Twenty years, countless conversations, and hundreds of Friday night Shabbat dinners later, Cory today is a much-loved honorary member of the American Jewish community, regularly lecturing at Synagogues and Jewish conferences across the country. More significant, Cory has challenged the Jewish community to live up to its Biblical calling to serve as ‘a light unto the nations.’ In many of the speeches we deliver together he asks the Jewish participants if they study the weekly Parsha, if they honor the commandments, and cherish the Sabbath. What allows an African-American Christian Mayor to challenge Jewish leaders to deepen their Jewish commitment? Because those same leaders are amazed at Cory’s knowledge of Judaism and appreciation of the Jewish contribution to civilization.

I have long believed that the next wave of Jewish commitment will be inspired by non-Jews. In massive conferences like Christians United For Israel we are already seeing a great wave of Christian interest in Judaism and a desire to reconnect Jesus back to his Jewish roots. But Cory has taken this a step further, studying Judaism with a view to teaching it to Jews.

A few years ago AIPAC invited Cory and me to address a large group in Chicago. It was the week where we read the story of Genesis in Synagogue and Cory delivered a moving speech on the creation of Adam and Eve, culled from a speech by the Lubavitcher Rebbe. The wife of a prominent American Jewish leader approached me after the speech and asked if I would study the Parsha of the week with her, as I do with Cory. I asked her why now. She responded, “When you hear someone so prominent in the American political landscape deriving inspiration from the Torah, and he’s not even Jewish, you become a little embarrassed that you are ignorant of your tradition and you want to discover what he has discovered.” I have heard similar sentiments expressed by other Jewish listeners on many occasions.

My friendship with Cory also sparked a lifelong closeness between me and the African-American community. I became the first-ever white morning radio host on America’s legacy black radio station, WWRL in New York City. I took the Rev. Al Sharpton to Israel to alleviate the enmity between him and the Jewish community, I was the driving force behind an effort to have 600 evacuees from Hurricane Katrina find permanent homes in Utah where they have been moved only temporarily, and I preached at the Martin Luther King chapel at Morehouse College at a conference with Coretta Scott King. And as part of my current run for Congress in New Jersey, I travelled to Rwanda to highlight the 1994 genocide and help combat efforts to deny it. The Rwandan government invited me to meet President Paul Kagame in New York last week and I hosted a reception for Foreign Minister Louise Mushikiwabo with American Jewish leaders.
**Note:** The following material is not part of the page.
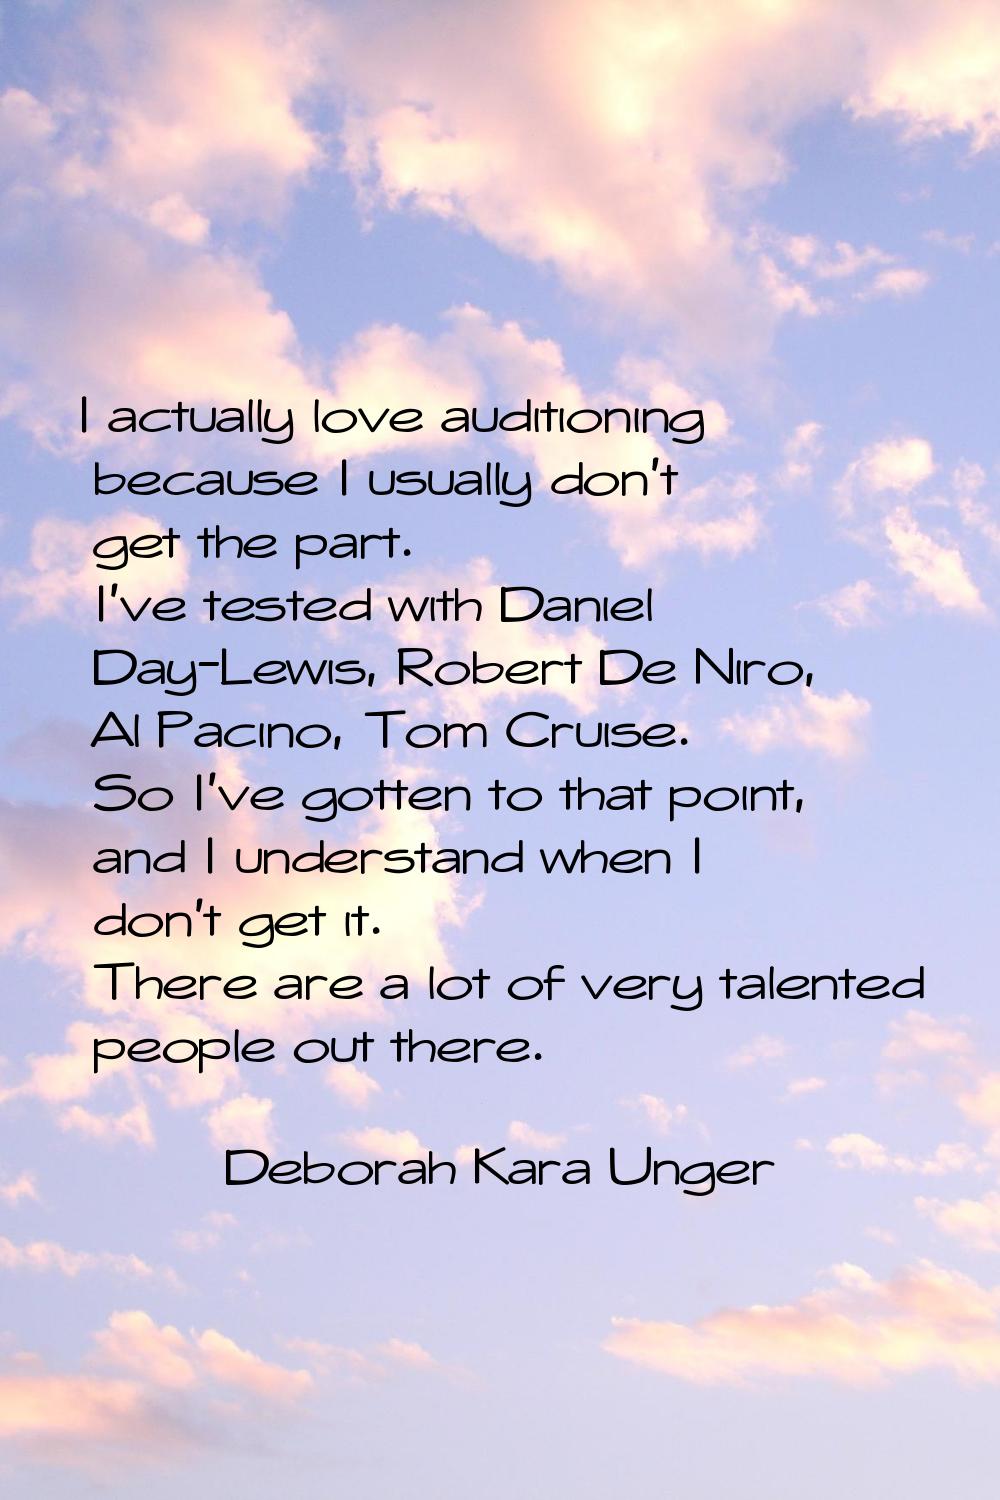 I actually love auditioning because I usually don't get the part. I've tested with Daniel Day-Lewis

There are those who believe that the black and Jewish communities share a common history of persecution. But being among the world’s foremost victims is not the basis of our bond. The relationship between blacks and Jews is built on shared faith rather than shared oppression, common destiny rather than common history, shared values rather than shared interests, and a mutual commitment to social justice rather than a mutual alienation from the mainstream.

I thank God for a friendship that has endured for two decades and the enrichment it has brought to us and our respective communities.